### Exercise goal
Your reply is to be the lines below, exactly as written, with images omitted.

### Provided material
- - -

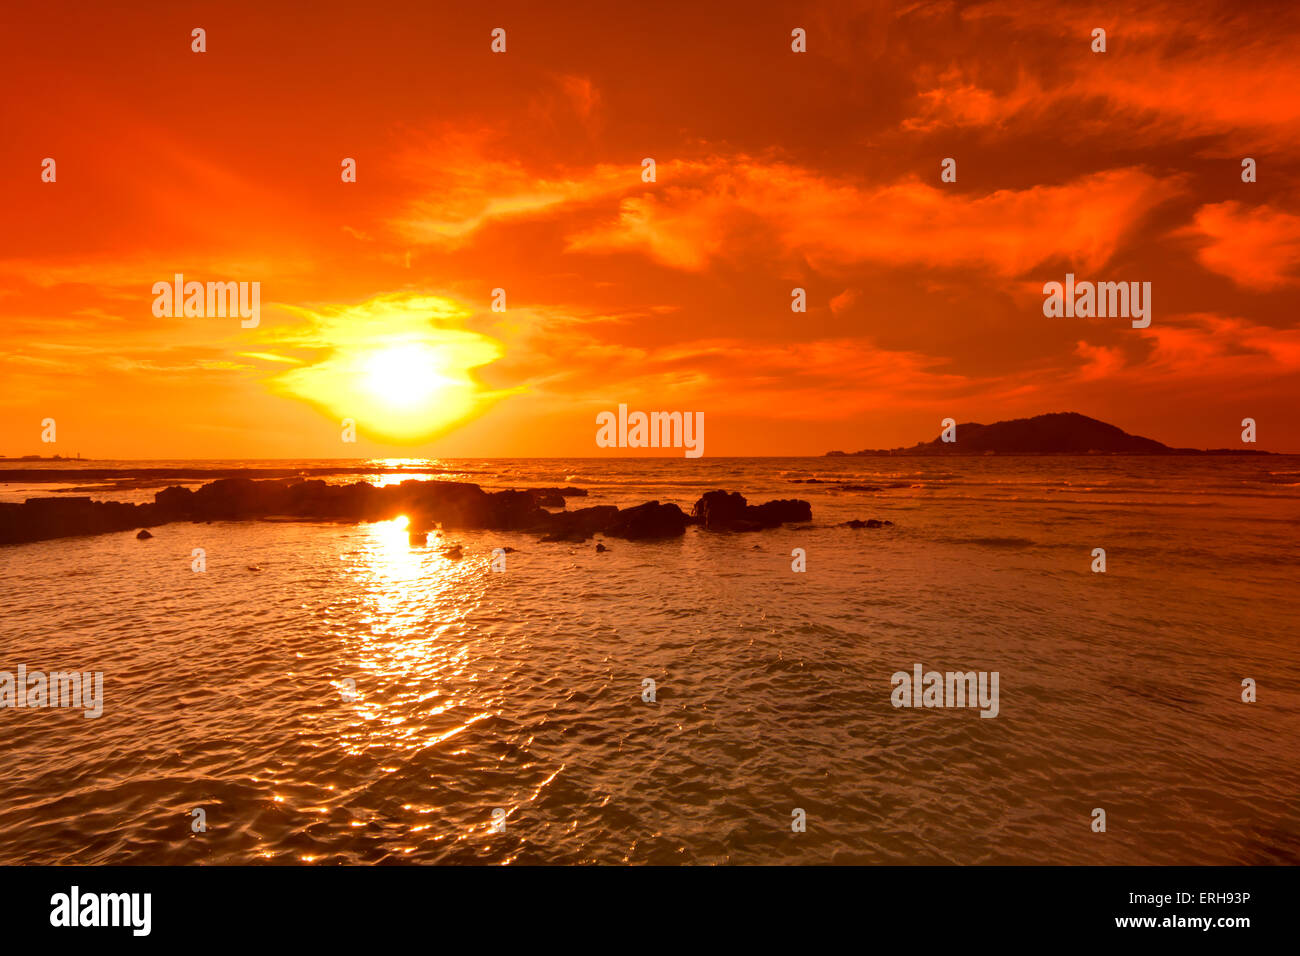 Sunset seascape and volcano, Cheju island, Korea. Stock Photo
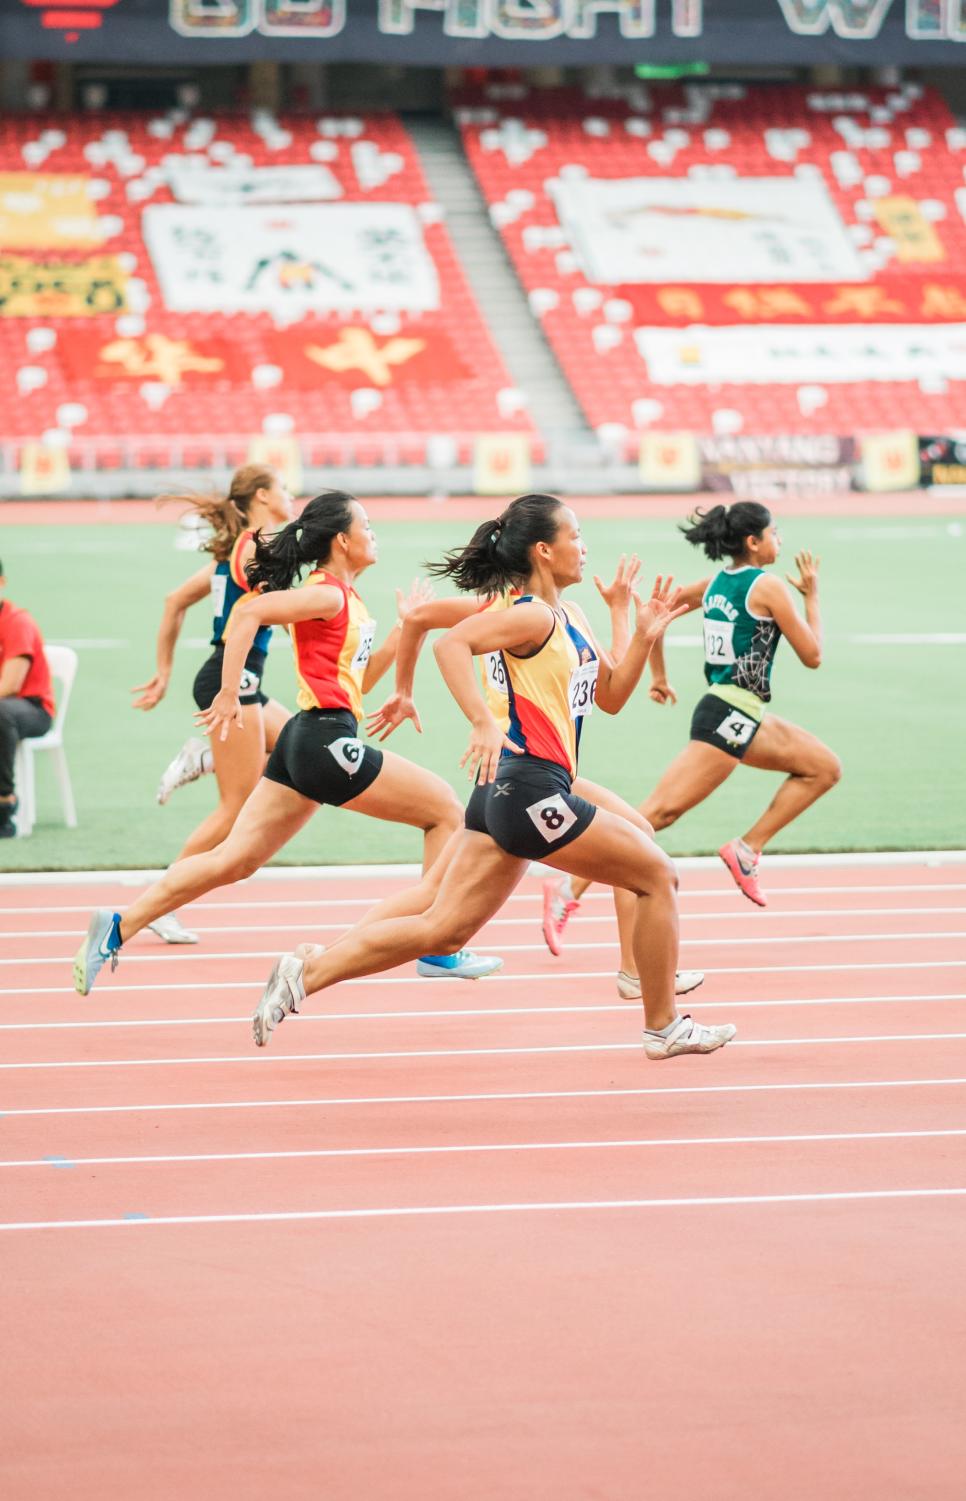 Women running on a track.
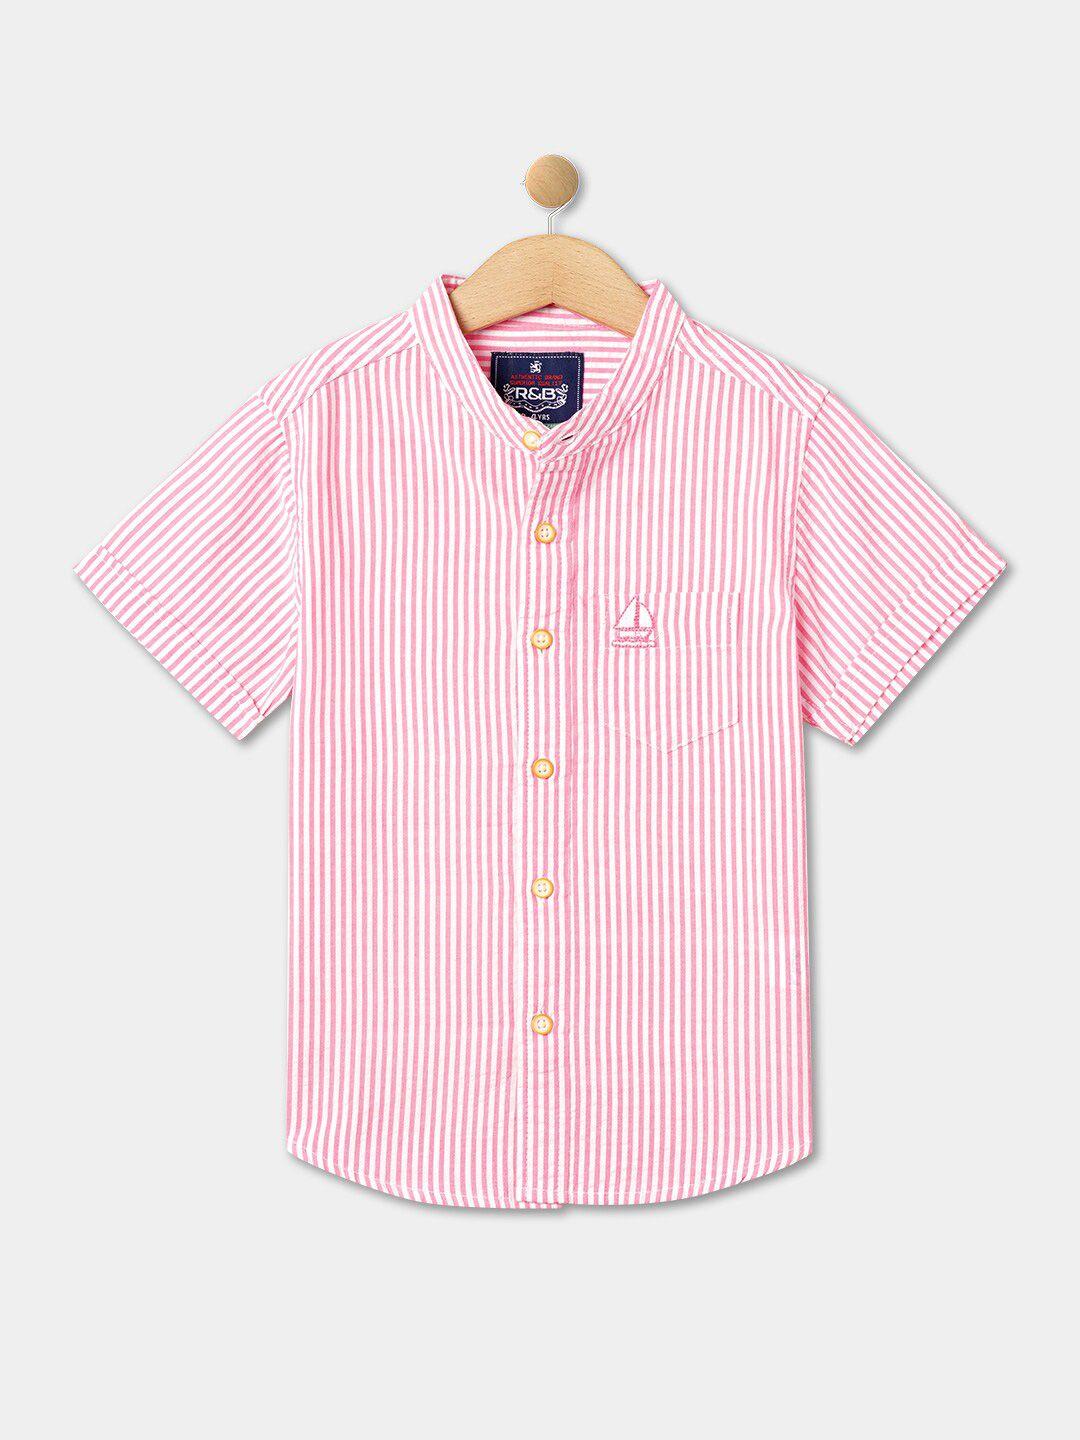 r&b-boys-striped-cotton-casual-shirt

- - -

### Output
 Sunset seascape and volcano, Cheju island, Korea. Stock Photo
 Women running on a track.
 r&b-boys-striped-cotton-casual-shirt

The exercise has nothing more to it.